> _What you need to do_
Your output must be the lines below from the line containing "Batman The Animated" to the line containing "Simply Vera Wang", both lines included, reproduced exactly and without pictures.

> _Listed entries_

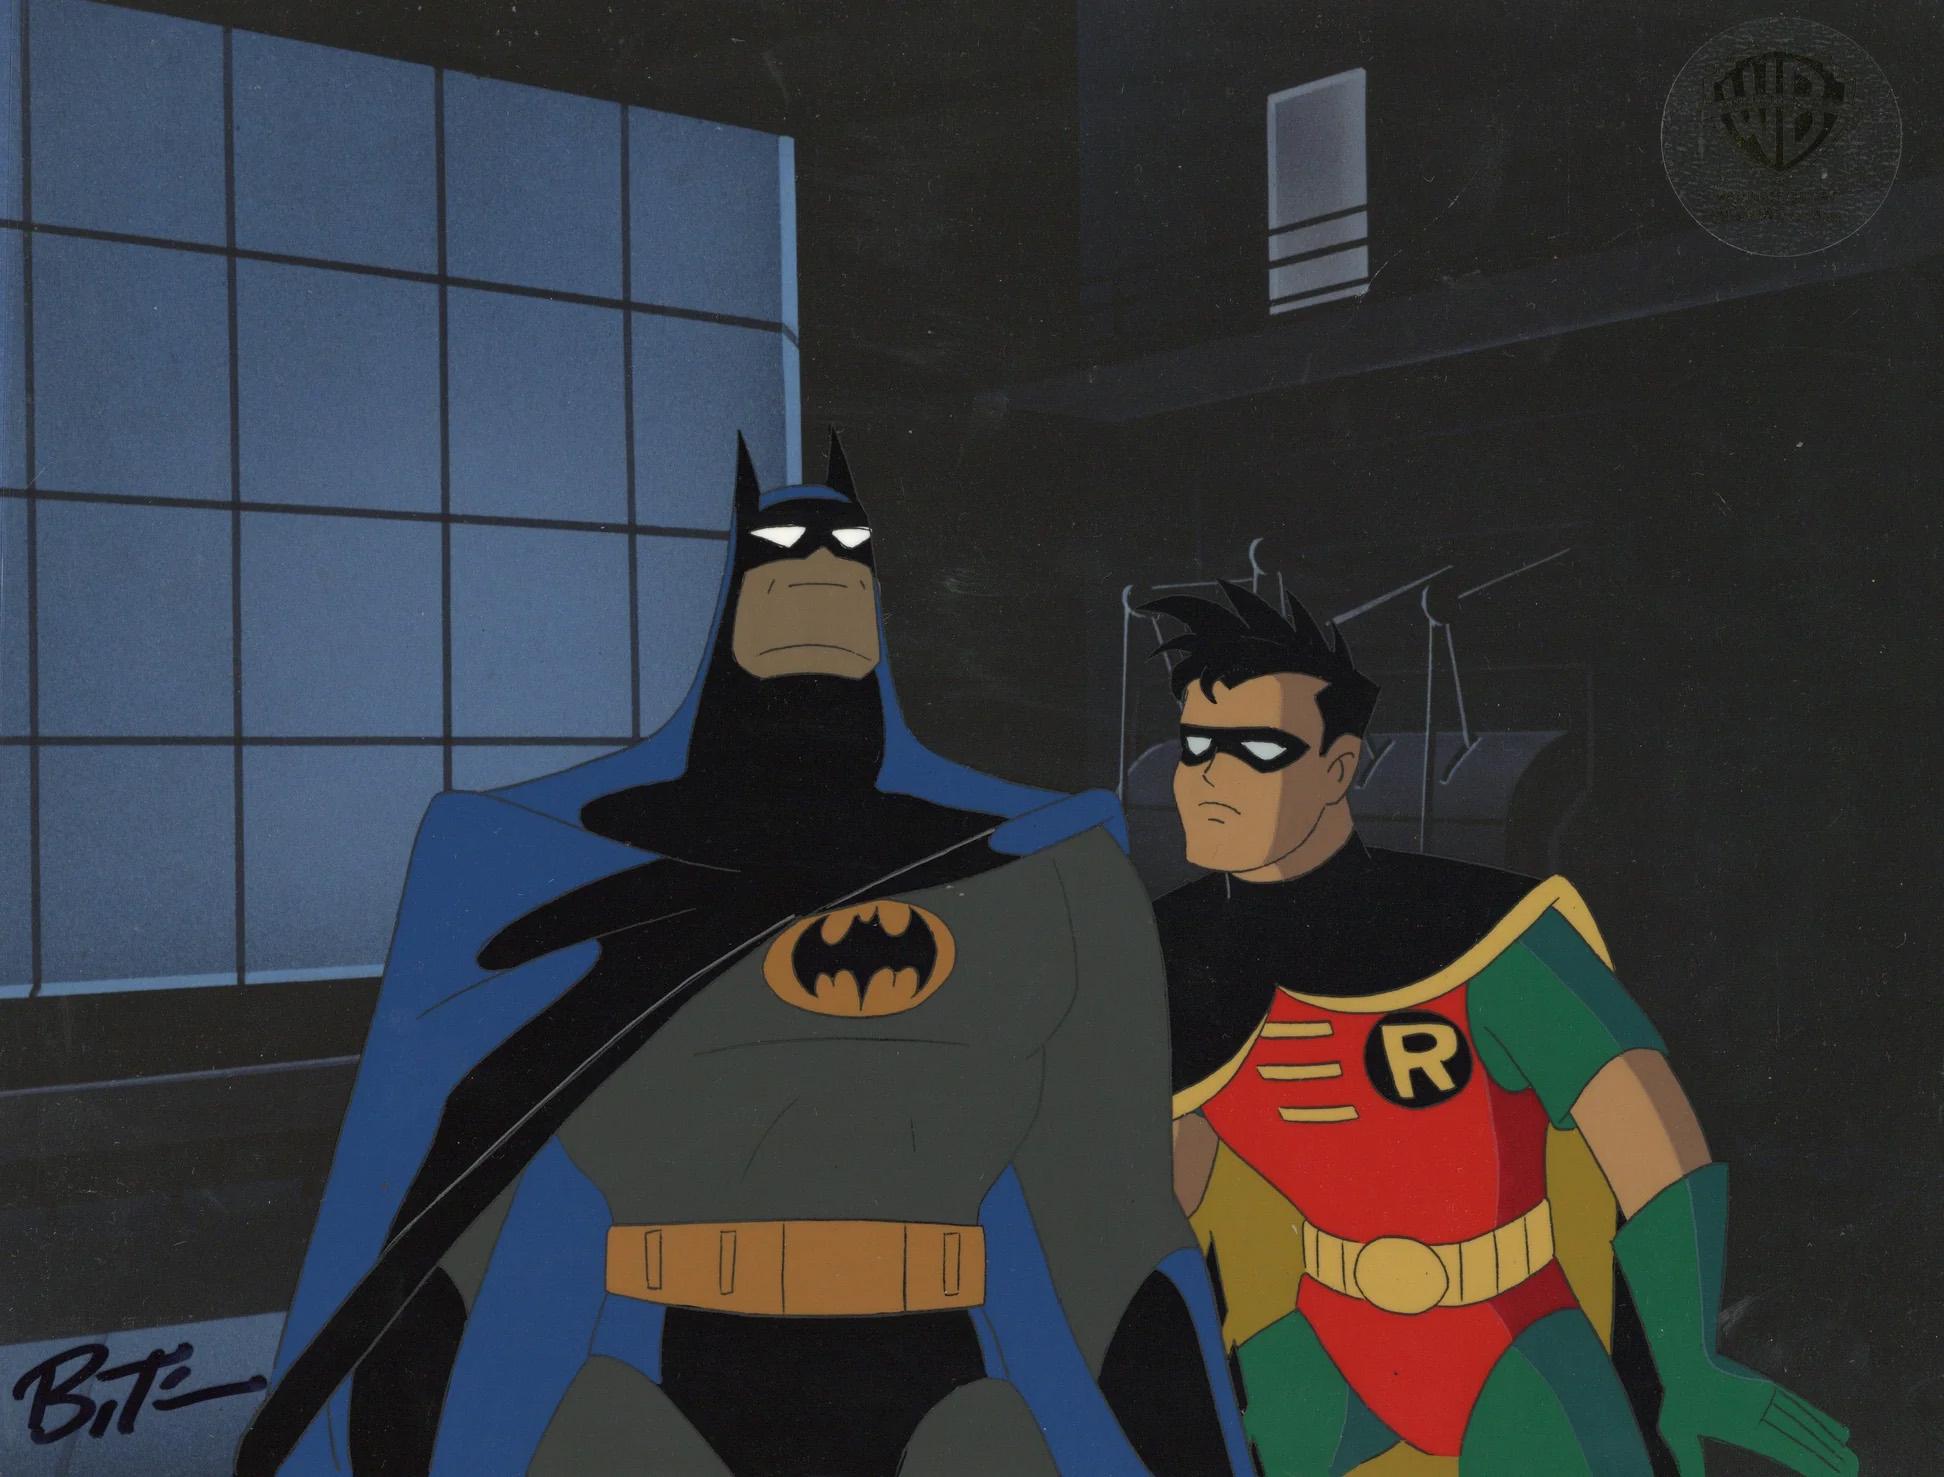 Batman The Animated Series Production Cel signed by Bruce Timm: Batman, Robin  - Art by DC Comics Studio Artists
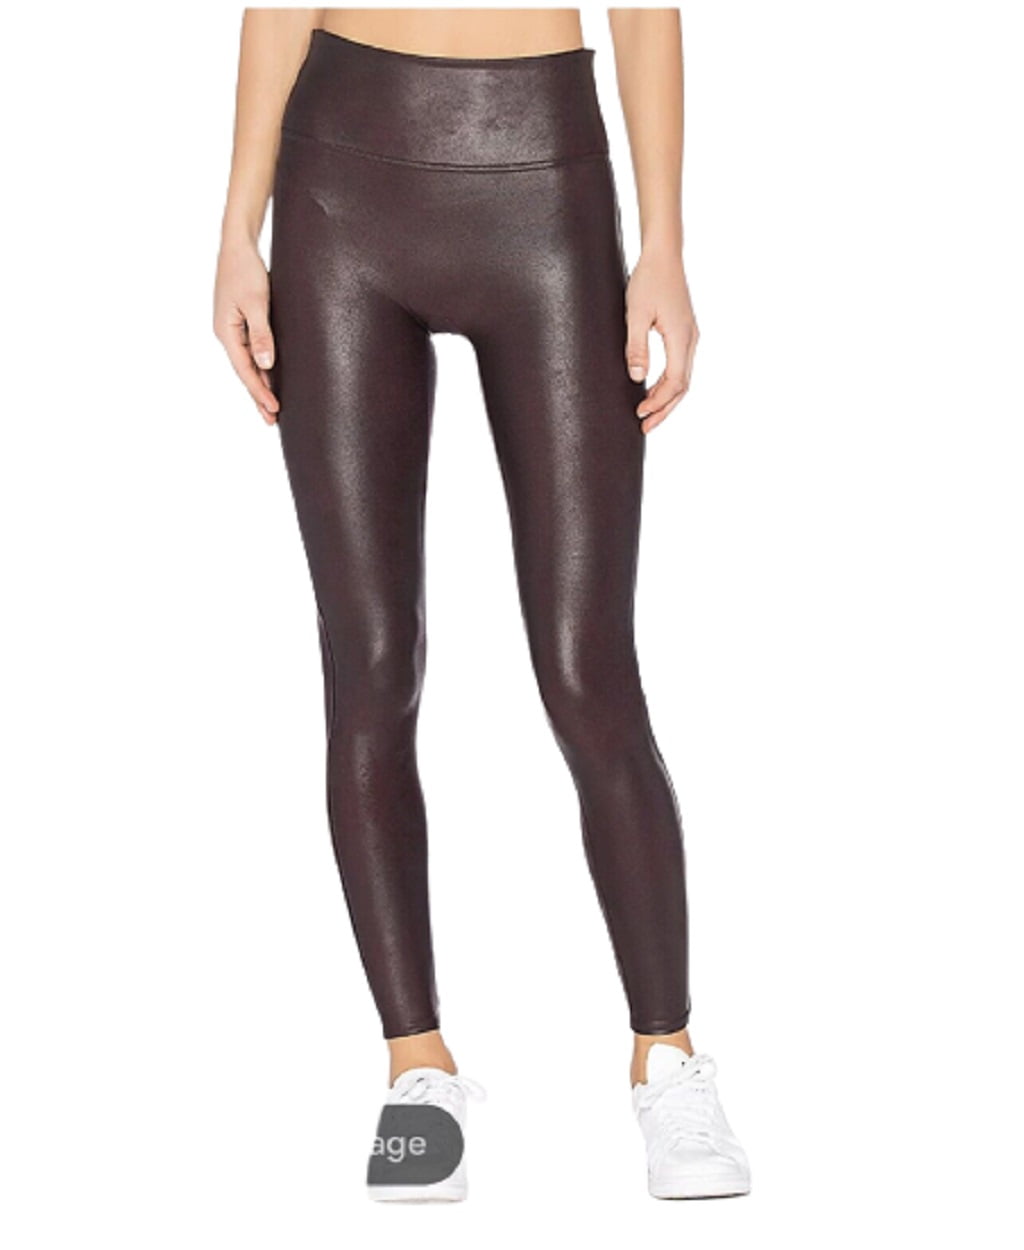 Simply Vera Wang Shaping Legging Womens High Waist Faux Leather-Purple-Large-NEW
* * *
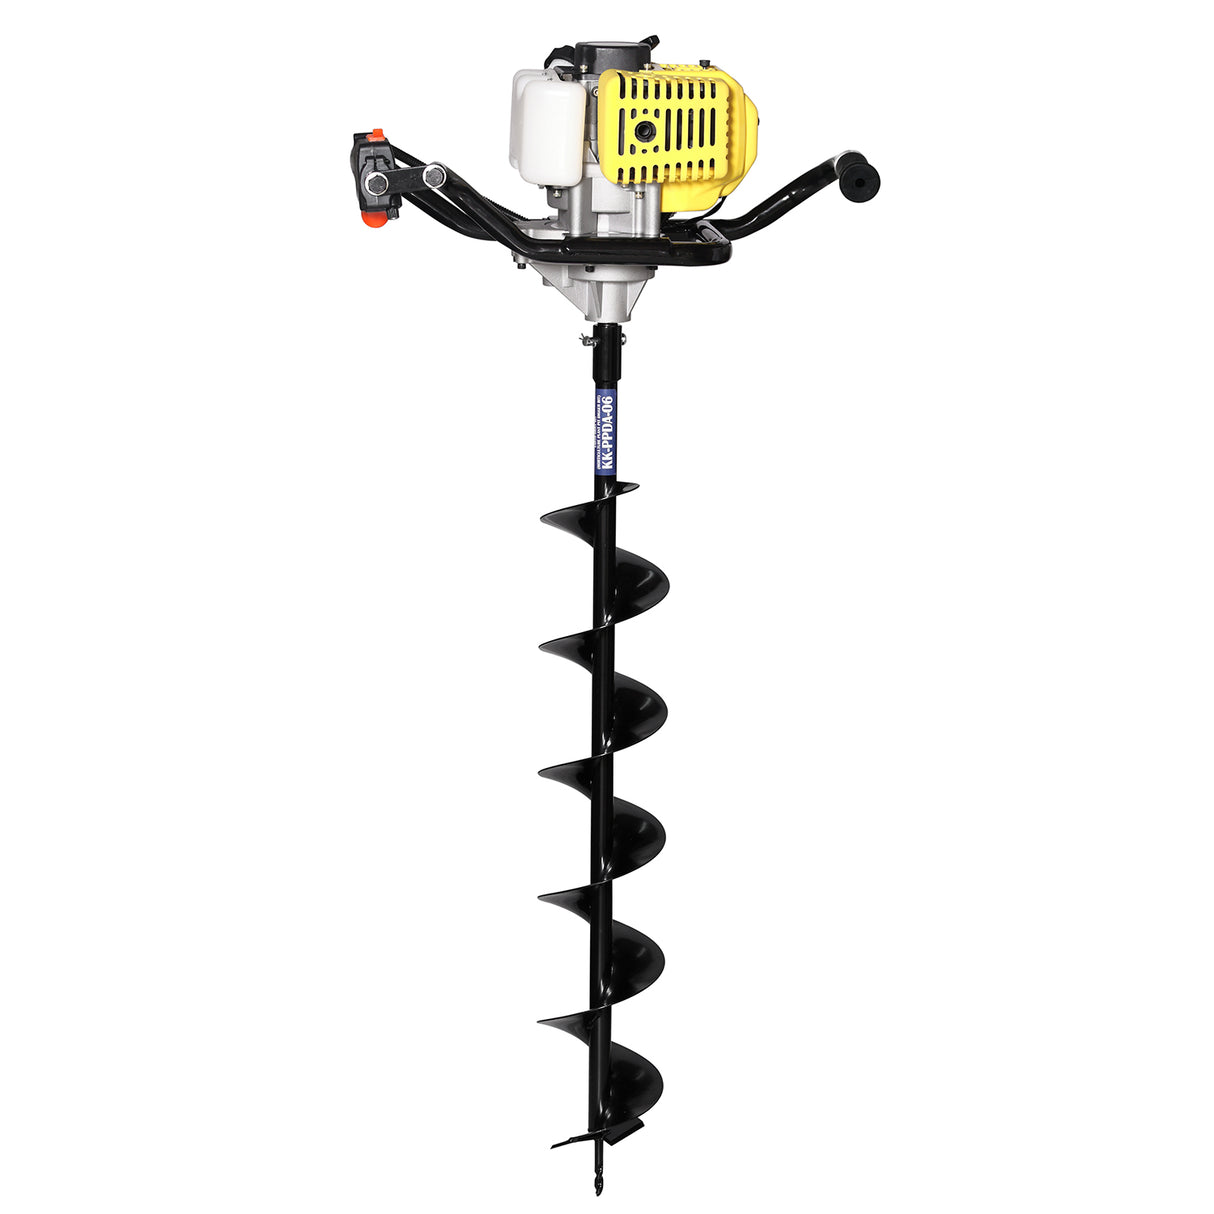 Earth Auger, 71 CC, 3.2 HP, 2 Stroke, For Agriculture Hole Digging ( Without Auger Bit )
...
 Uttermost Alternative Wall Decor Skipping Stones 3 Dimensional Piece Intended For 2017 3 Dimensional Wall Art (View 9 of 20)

> _Exercise output_
 Batman The Animated Series Production Cel signed by Bruce Timm: Batman, Robin  - Art by DC Comics Studio Artists
 Simply Vera Wang Shaping Legging Womens High Waist Faux Leather-Purple-Large-NEW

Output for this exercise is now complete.